According to the RFI, CMMI will approach new model design with several guiding principles:

  1. Choice and competition in the market – Promote competition based on quality, outcomes, and costs.
  1. Provider Choice and Incentives – Focus on voluntary models, with defined and reasonable control groups or comparison populations, to the extent possible, and reduce burdensome requirements and unnecessary regulations to allow physicians and other providers to focus on providing high-quality healthcare to their patients. Give beneficiaries and healthcare providers the tools and information they need to make decisions that work best for them.
  1. Patient-centered care – Empower beneficiaries, their families, and caregivers to take ownership of their health and ensure that they have the flexibility and information to make choices as they seek care across the care continuum.
  1. Benefit design and price transparency – Use data-driven insights to ensure cost-effective care that also leads to improvements in beneficiary outcomes.
  1. Transparent model design and evaluation – Draw on partnerships and collaborations with public stakeholders and harness ideas from a broad range of organizations and individuals across the country.
  1. Small Scale Testing – Test smaller scale models that may be scaled if they meet the requirements for expansion under 1115 A(c) of the Affordable Care Act (the Act). Focus on key payment interventions rather than on specific devices or equipment.

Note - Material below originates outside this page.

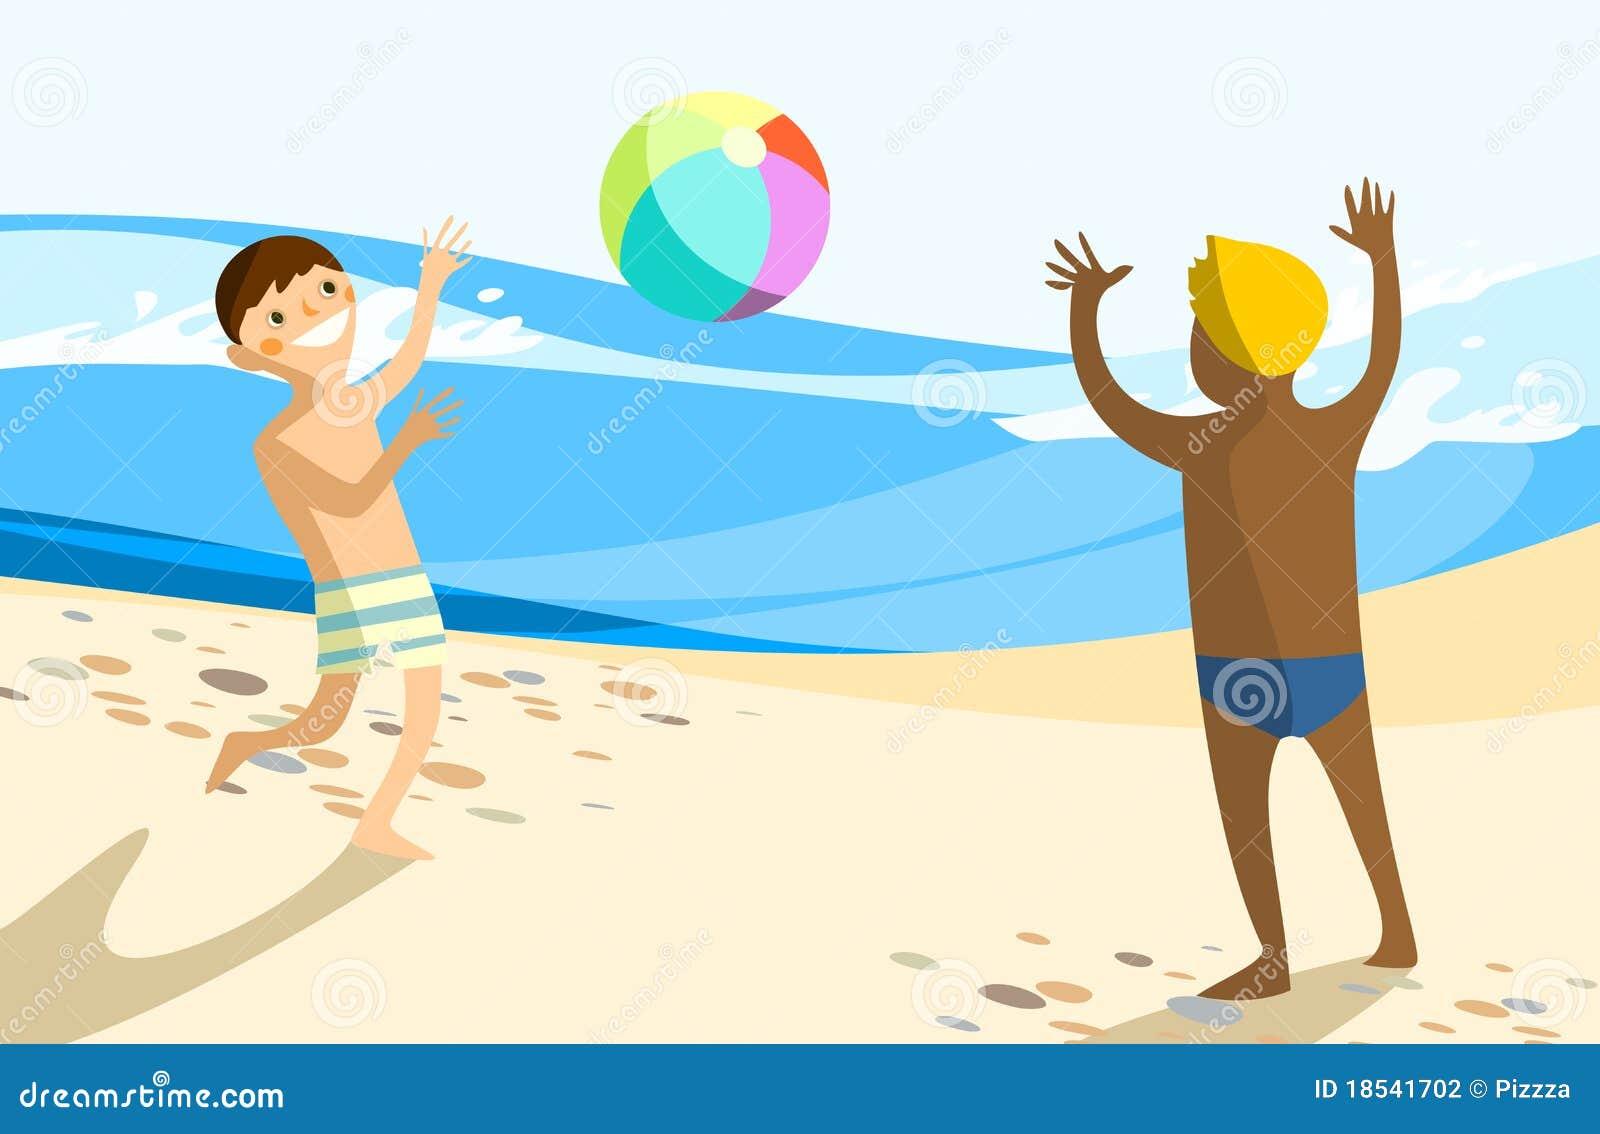 Cartoon Kids Sand Play

CMMI states that it is looking to test models in eight focus areas: (1) Increased participation in Advanced Alternative Payment Models (APMs); (2) Consumer-Directed Care & Market-Based Innovation Models; (3) Physician Specialty Models; (4) Prescription Drug Models; (5) Medicare Advantage (MA) Innovation Models; (6) State-Based and Local Innovation, including Medicaid-focused Models; (7) Mental and Behavioral Health Models; and (8) Program Integrity. However, the Innovation Center may also test models in other areas.

New Direction

In August, after delaying several mandatory bundled payment models, CMS ultimately proposed to scale back the Comprehensive Care for Joint Replacement (“CJR”) Model, a bundled payment program for hip and knee replacement implemented by the Obama Administration, and eliminate the Episode Payment Models and Cardiac Rehabilitation Incentive Payment Model scheduled to begin on January 1, 2018.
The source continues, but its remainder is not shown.